CN108615957A - The shape battery group method that liquid cooling/heating and fin conduct heat compound - Google Patents

Abstract

The method of forming a battery group by combining liquid cooling/heating and fin heat transfer relates to the field of thermal management of batteries. A composite grouping method that complies with domestic electric vehicle liquid cooling/heating and fin heat transfer is designed for cylindrical batteries. In this method, the fins are perforated according to the arrangement of batteries and the arrangement of cooling pipes. A certain number of fins are arranged on the battery and the heat exchange tube through the installation holes on the fins, and a certain amount of phase change material can be filled in the gaps of the fins when cooling the battery. In this method, the heat exchange area is increased through the fins, and the liquid in the tube is used to cool or heat the battery. This method is easy to adjust the number and spacing of fins and the amount of phase change material according to the design requirements of thermal management, which increases the heat exchange area between the battery and the heat exchange tube, thereby enhancing the heat exchange effect between the liquid and the battery, and improving the temperature of the battery. Uniformity, prolonging the life of the battery system.

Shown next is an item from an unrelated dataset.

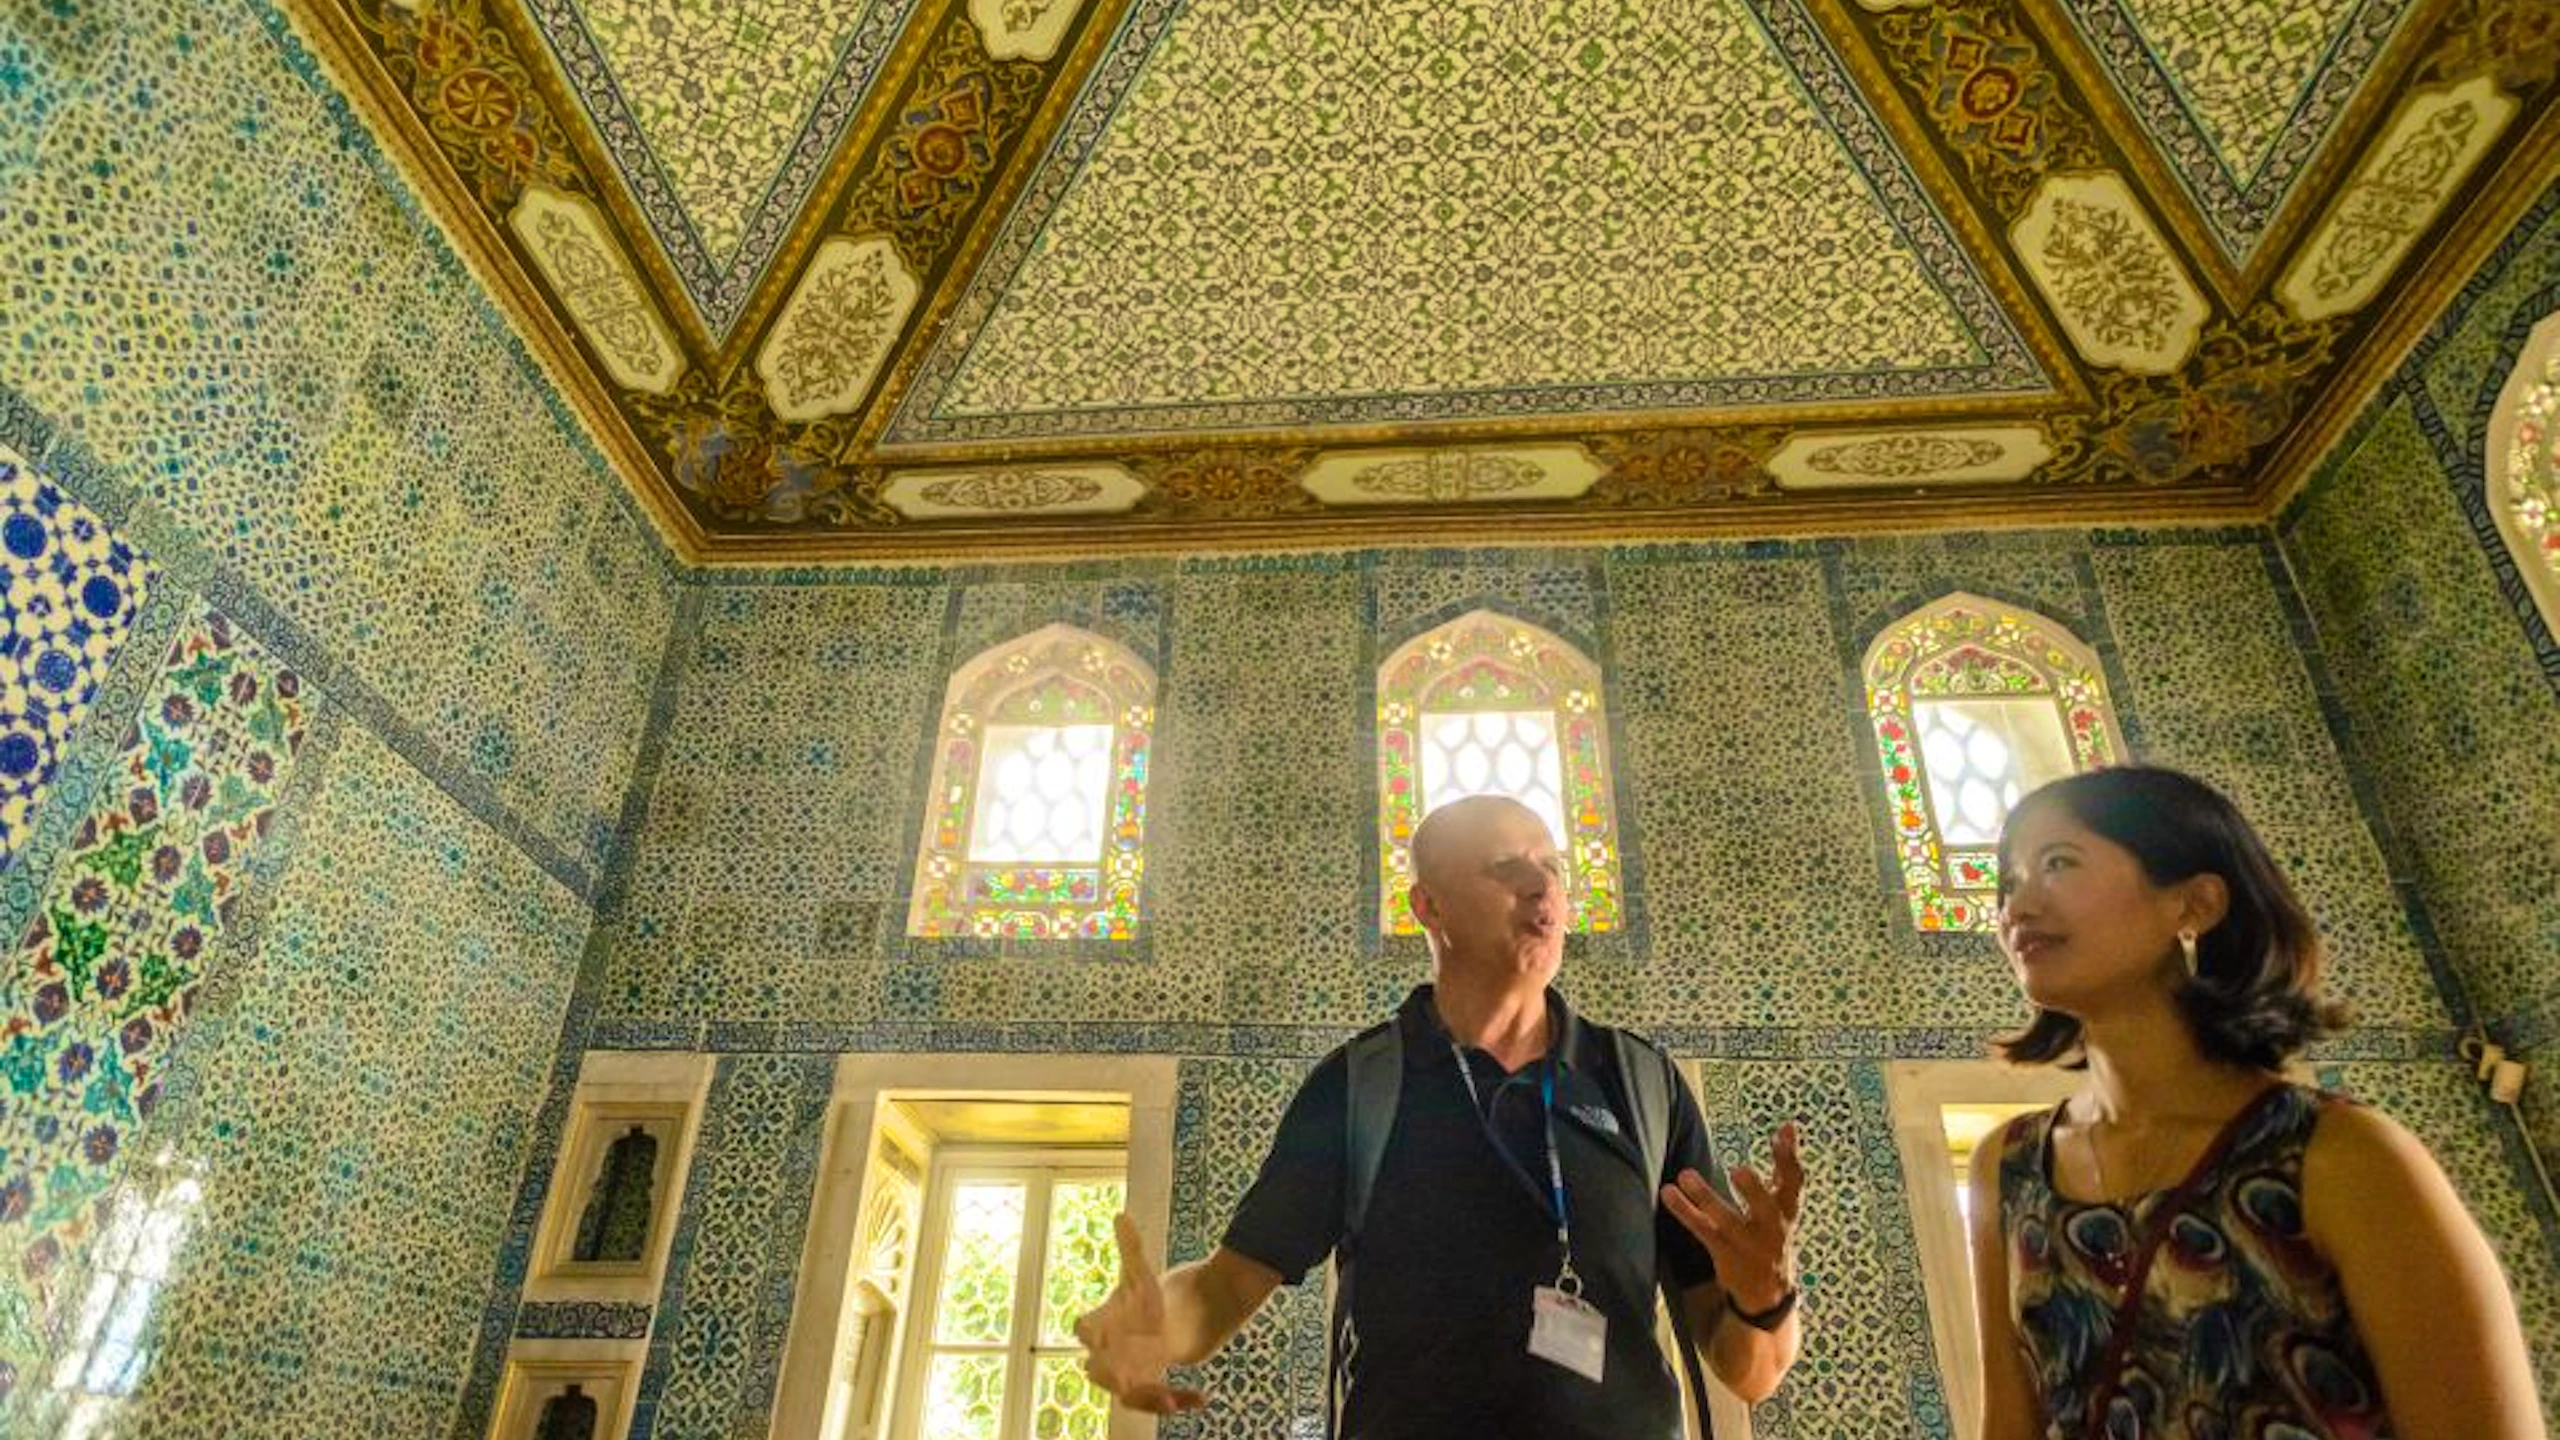 Harem Topkapi Palace Tour with a Historian Guide Price

The liquid and the battery realize indirect heat exchange through the fins, which can improve the safety of the battery system.

Description

Liquid cooling/heating and fin heat transfer combined method to form a battery pack

technical field

The invention relates to the field of thermal management of batteries of pure electric vehicles (pure electric vehicles, hybrid electric vehicles).

Background technique

In the context of energy crisis, global warming, environmental pollution and other environmental problems, electric vehicles are increasingly becoming the development direction of future automobiles. With the deepening of electric vehicle research, batteries, as a key component of electric vehicles, have gradually become a research hotspot, and the performance of batteries is an important factor in the development of electric vehicles.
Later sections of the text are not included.